Every line of the entries with the word "Tables" in it should be shown.

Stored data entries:
<<<<

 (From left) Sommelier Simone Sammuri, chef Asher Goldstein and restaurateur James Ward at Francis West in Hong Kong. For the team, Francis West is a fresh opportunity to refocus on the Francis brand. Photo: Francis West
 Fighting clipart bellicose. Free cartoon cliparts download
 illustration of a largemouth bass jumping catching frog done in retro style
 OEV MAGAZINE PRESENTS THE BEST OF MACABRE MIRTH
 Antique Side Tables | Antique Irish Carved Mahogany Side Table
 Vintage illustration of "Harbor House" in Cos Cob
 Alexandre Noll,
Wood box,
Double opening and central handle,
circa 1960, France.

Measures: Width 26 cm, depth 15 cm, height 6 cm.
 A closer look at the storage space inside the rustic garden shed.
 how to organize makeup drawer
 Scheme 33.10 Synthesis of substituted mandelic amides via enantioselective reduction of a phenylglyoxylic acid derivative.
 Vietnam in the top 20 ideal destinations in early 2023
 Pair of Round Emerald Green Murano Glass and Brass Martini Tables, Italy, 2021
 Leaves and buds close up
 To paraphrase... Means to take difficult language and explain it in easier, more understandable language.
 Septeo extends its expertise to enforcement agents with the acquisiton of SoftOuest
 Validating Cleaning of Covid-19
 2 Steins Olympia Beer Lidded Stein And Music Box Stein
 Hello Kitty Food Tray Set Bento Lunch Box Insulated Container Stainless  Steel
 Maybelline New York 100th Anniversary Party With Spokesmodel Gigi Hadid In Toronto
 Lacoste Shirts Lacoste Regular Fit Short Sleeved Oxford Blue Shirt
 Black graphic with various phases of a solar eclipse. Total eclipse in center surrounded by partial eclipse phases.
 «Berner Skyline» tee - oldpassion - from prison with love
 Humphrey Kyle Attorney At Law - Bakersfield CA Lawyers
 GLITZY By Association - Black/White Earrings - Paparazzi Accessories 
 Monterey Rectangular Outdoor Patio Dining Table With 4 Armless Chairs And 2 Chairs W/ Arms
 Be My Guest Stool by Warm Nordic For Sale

>>>>

### RESULT
 Antique Side Tables | Antique Irish Carved Mahogany Side Table
 Pair of Round Emerald Green Murano Glass and Brass Martini Tables, Italy, 2021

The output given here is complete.